There are a variety of possible responses to this. One is that chosen by the government– accept that this is the growth model we’ve got and shrink the state further. This is a grim vision of the future in which people earn less, the state is meaner and no fundamental attempt is made at ‘rebalancing’.
Of course the Chancellor was once upon a time very keen on rebalancing – the problem was he thought it was easy, just a case of slashing corporation tax and getting the state out of the way. After this approach led to (cyclical) stagnation in 2010-2012 the plan was quietly dropped. Instead the Chancellor appears to have decided to return to a turbo charged version of the old growth model.
Another response would be to assume that the UK faces a shortage of aggregate demand and either though looser monetary policy or a fiscal stimulus seek to rectify this. This strategy would be vast improvement on what we currently have but by itself alone would not succeed. Growth might be faster but the pattern of that growth could all too easily resemble that of the pre-crisis period – consumption intensive, not reaching many in the middle and below and associated with rising household debt.

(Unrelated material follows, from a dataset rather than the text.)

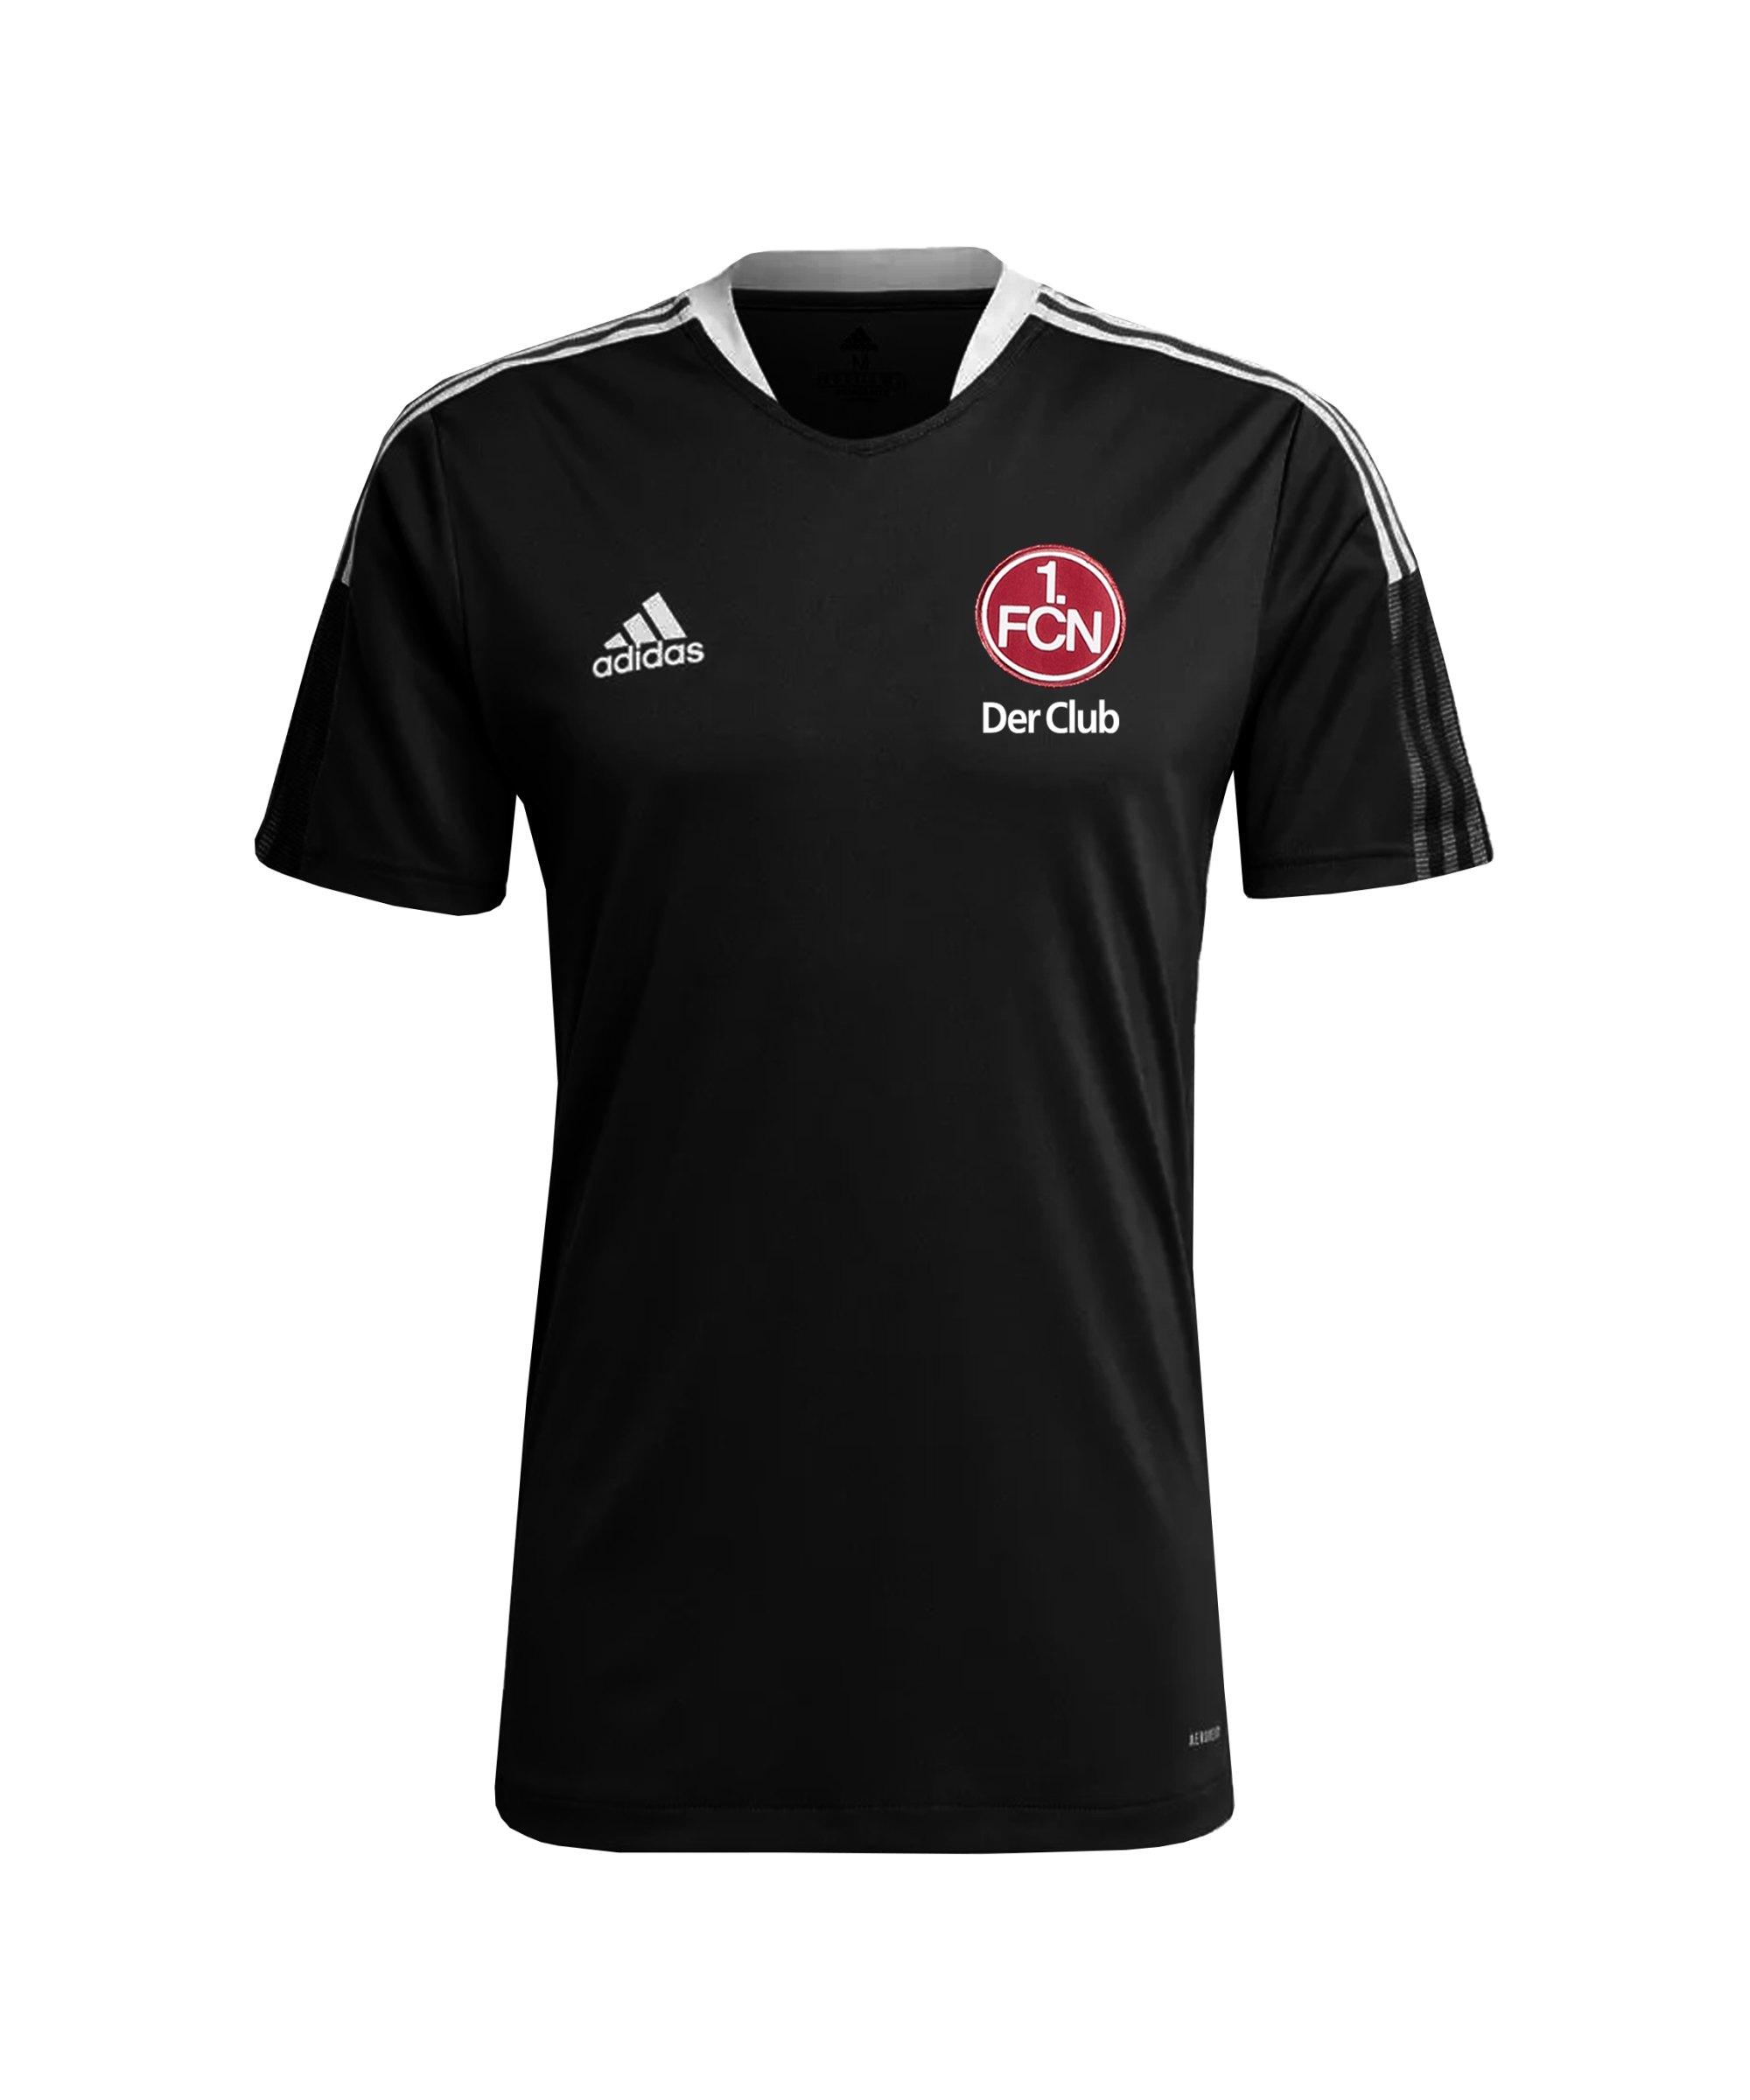 adidas 1. FC Nürnberg Trainingsshirt Kids Schwarz - schwarz

The third potential strategy would go beyond this. Alongside a capital spending intense stimulus it would seek a supply side revolution to use new institutions to combat the secular trend. Such a programme would aim less for recovery and more for national renewal it is essentially about taking the steps required to move us to a longer term, more inclusive model of growth, in short – a high wage, high productivity economy.

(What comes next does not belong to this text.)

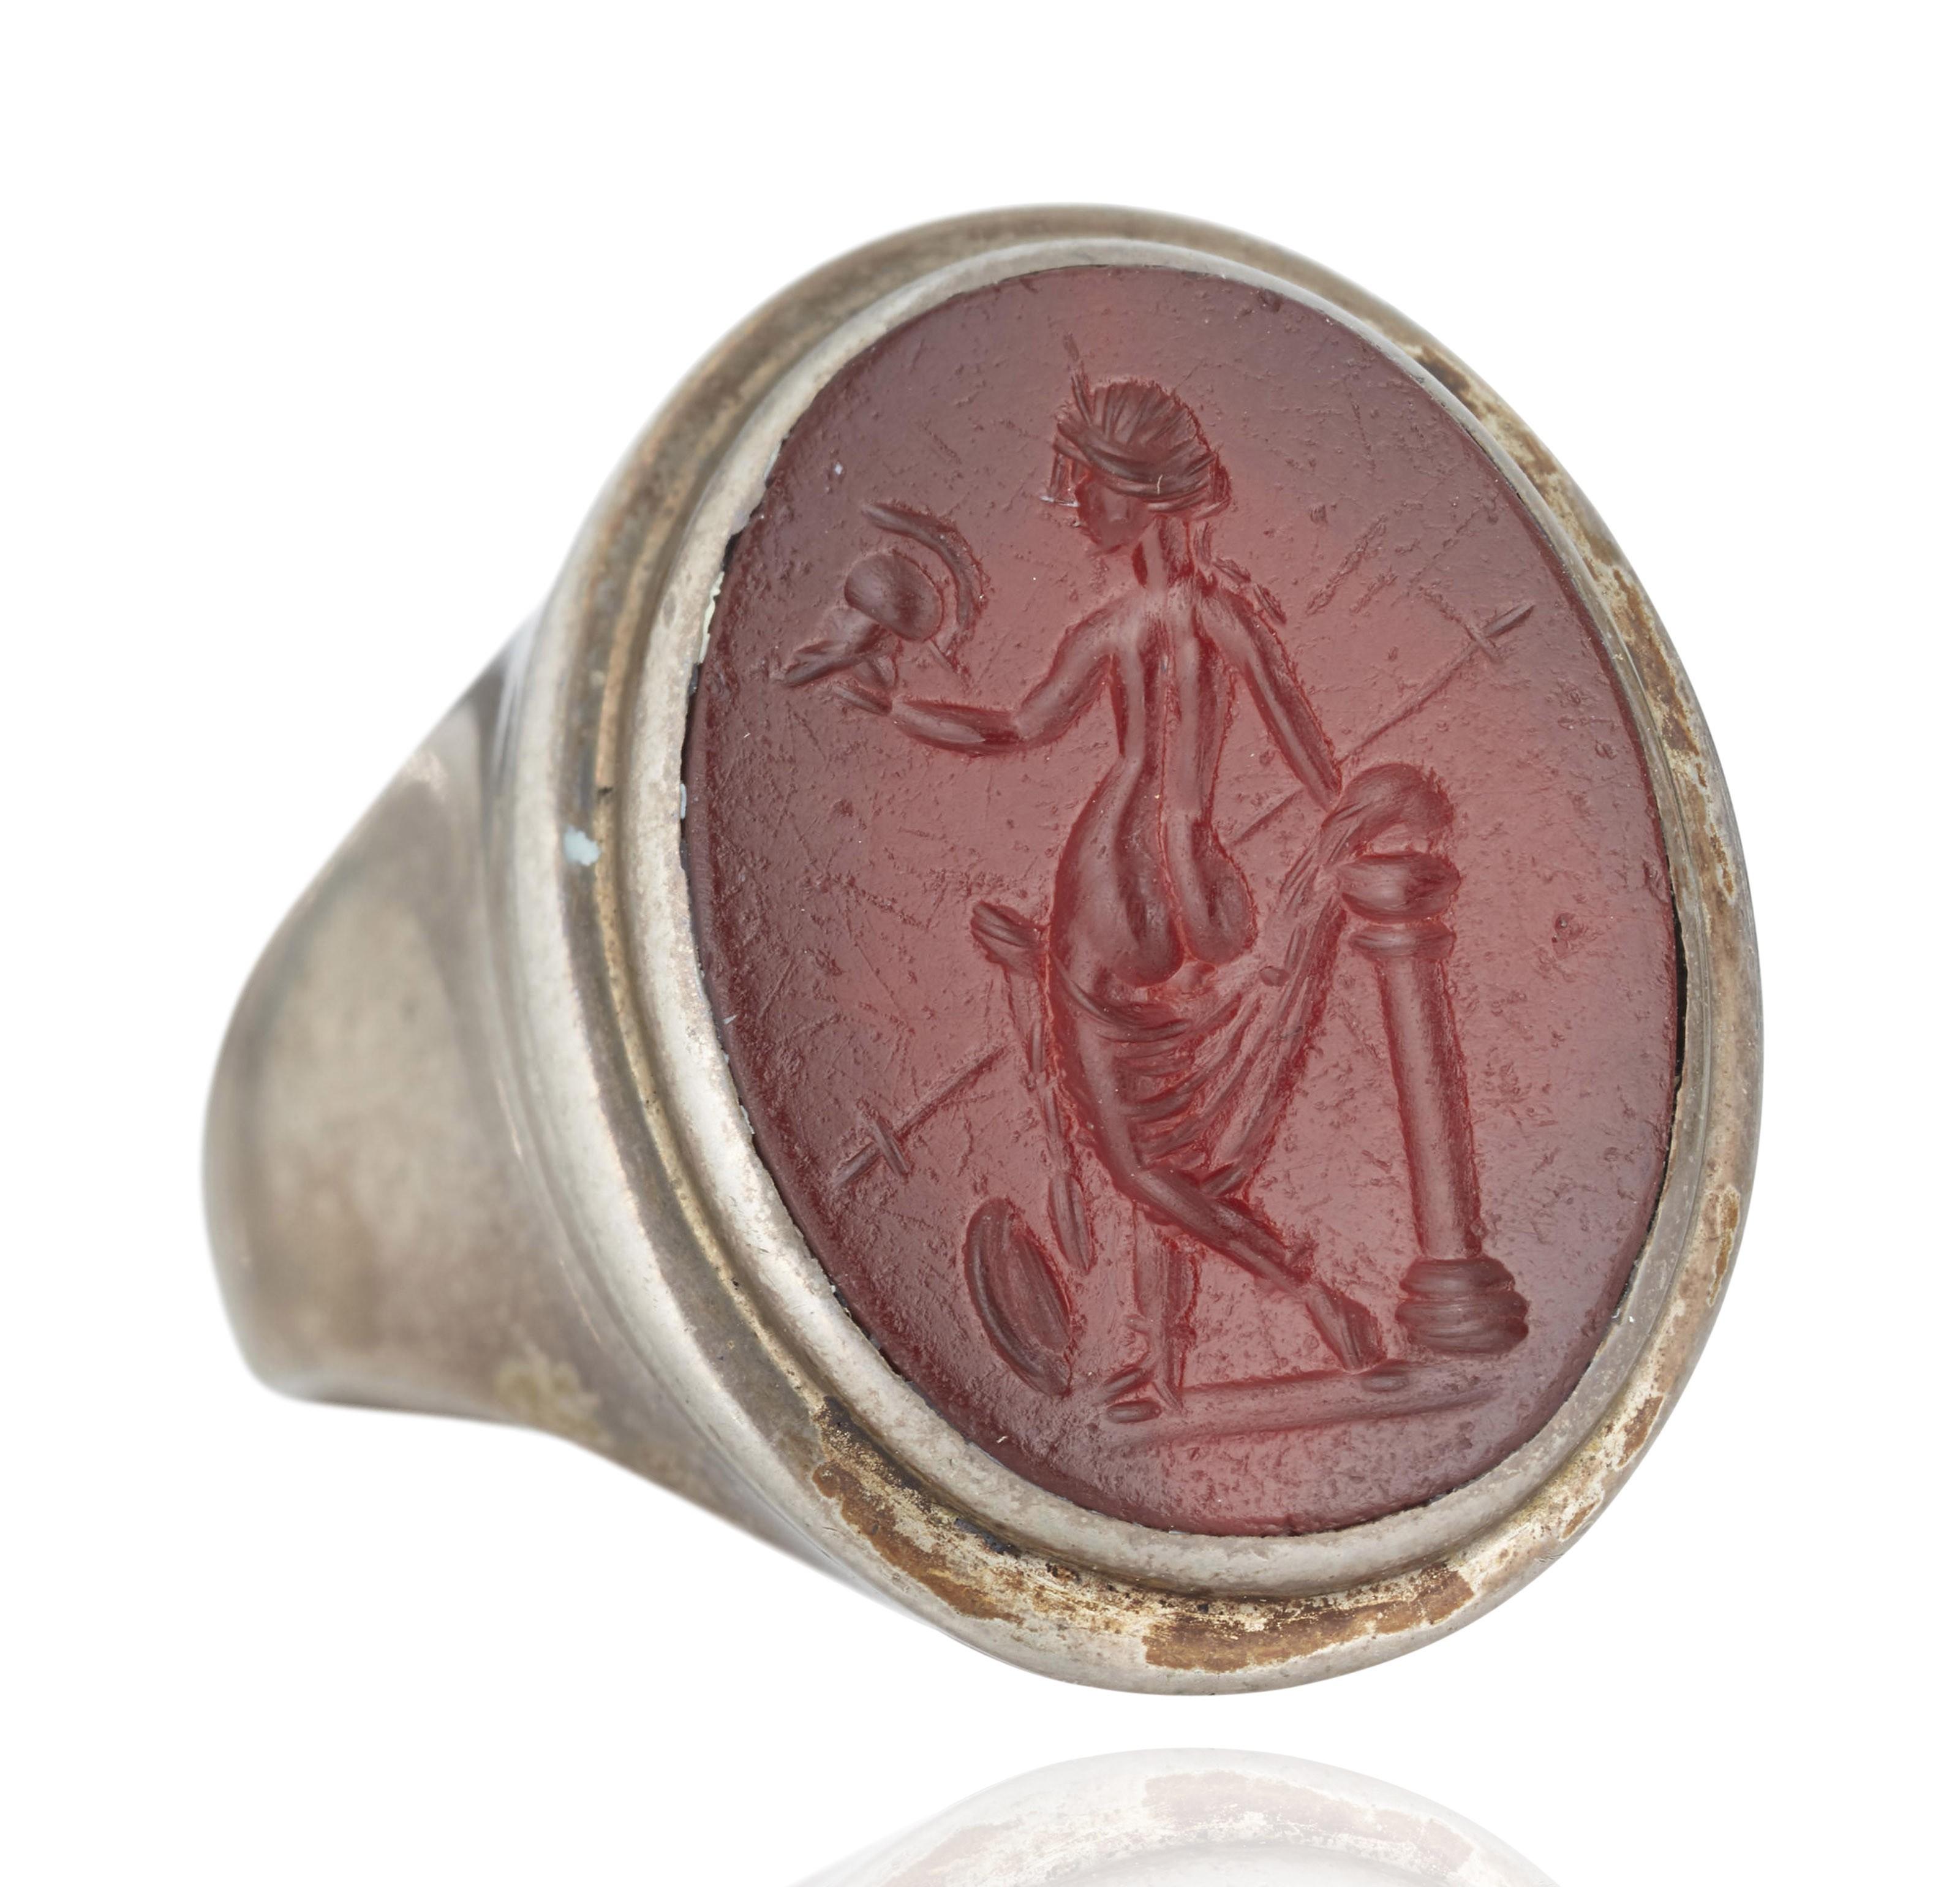 A ROMAN RED JASPER RINGSTONE WITH VENUS VICTRIX

This outcome is not achievable through the pulling of monetary and fiscal levers alone. It’s not just a case of putting a foot on the accelerator but off taking up the bonnet and fixing the engine. This is what a progressive supply side policy should be aiming to achieve – looking at factors such as the banking system, corporate governance, training systems, industrial policy and the investment share of the economy. All of these factors determine the institutional framework of our economy and explain a great deal about the kind of growth we get and how it is distributed. All of these factors can be changed through political action.
The OBR thinks this is a cyclical upturn, it may well decide in the fullness of time that the picture is structurally better than it currently assumes but what we really need is the start of a process of reversing secular trends. That requires serious economic reform.